Stored data
==============================
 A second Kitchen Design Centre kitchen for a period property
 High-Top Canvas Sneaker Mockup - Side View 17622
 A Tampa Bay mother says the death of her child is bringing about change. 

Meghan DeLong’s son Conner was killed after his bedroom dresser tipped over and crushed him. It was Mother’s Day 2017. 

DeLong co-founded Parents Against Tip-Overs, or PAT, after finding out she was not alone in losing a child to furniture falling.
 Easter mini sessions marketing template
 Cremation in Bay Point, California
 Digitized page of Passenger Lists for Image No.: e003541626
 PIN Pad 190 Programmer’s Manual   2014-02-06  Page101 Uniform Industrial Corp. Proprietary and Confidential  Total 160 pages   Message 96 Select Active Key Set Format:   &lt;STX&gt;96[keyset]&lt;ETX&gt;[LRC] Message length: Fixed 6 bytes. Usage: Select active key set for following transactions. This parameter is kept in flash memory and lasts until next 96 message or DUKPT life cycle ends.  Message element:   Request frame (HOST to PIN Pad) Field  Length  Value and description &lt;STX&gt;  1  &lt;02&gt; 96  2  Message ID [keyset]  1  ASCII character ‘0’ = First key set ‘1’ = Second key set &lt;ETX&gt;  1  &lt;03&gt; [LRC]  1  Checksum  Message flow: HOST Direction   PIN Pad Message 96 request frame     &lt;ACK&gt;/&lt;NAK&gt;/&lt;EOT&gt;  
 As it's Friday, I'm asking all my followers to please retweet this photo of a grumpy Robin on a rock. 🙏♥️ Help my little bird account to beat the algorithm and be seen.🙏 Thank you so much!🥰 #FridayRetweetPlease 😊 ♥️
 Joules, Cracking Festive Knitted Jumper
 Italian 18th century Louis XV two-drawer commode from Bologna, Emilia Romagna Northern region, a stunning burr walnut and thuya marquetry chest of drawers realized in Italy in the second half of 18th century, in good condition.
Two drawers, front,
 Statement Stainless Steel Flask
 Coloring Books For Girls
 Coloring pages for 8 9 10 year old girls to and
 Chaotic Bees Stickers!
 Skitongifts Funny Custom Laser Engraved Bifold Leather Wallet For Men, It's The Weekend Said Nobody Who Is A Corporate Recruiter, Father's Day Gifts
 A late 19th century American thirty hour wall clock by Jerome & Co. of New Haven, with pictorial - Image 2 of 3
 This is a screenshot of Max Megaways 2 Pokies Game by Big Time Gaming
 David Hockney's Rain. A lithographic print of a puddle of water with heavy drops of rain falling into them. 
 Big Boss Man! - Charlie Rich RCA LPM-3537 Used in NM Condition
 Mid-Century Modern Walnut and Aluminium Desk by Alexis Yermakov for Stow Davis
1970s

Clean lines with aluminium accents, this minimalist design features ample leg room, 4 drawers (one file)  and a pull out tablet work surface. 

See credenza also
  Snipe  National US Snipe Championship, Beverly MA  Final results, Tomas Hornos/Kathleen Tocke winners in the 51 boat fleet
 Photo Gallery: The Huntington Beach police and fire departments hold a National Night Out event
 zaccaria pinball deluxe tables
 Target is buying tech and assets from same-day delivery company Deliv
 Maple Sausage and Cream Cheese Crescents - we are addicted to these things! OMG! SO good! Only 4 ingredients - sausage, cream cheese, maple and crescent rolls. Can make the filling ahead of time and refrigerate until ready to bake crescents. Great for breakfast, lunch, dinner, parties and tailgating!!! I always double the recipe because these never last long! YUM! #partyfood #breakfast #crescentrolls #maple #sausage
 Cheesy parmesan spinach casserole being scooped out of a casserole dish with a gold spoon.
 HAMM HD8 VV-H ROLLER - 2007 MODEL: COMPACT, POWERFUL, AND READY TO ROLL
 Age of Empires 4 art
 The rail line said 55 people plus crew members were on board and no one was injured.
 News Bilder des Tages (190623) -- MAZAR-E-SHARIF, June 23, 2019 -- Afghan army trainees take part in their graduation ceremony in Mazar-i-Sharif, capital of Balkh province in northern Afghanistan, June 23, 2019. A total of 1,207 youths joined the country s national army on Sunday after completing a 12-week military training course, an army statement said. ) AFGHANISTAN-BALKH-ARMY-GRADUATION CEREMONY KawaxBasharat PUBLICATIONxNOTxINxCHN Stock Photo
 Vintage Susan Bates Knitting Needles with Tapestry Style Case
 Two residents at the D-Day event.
==============================
Exercise prompt —
Give back, exactly as written, the stretch from the line with "David Hockney's Rain." through the line with "Maple Sausage and", and no other lines from the records above.

Solved problem —
 David Hockney's Rain. A lithographic print of a puddle of water with heavy drops of rain falling into them. 
 Big Boss Man! - Charlie Rich RCA LPM-3537 Used in NM Condition
 Mid-Century Modern Walnut and Aluminium Desk by Alexis Yermakov for Stow Davis
1970s

Clean lines with aluminium accents, this minimalist design features ample leg room, 4 drawers (one file)  and a pull out tablet work surface. 

See credenza also
  Snipe  National US Snipe Championship, Beverly MA  Final results, Tomas Hornos/Kathleen Tocke winners in the 51 boat fleet
 Photo Gallery: The Huntington Beach police and fire departments hold a National Night Out event
 zaccaria pinball deluxe tables
 Target is buying tech and assets from same-day delivery company Deliv
 Maple Sausage and Cream Cheese Crescents - we are addicted to these things! OMG! SO good! Only 4 ingredients - sausage, cream cheese, maple and crescent rolls. Can make the filling ahead of time and refrigerate until ready to bake crescents. Great for breakfast, lunch, dinner, parties and tailgating!!! I always double the recipe because these never last long! YUM! #partyfood #breakfast #crescentrolls #maple #sausage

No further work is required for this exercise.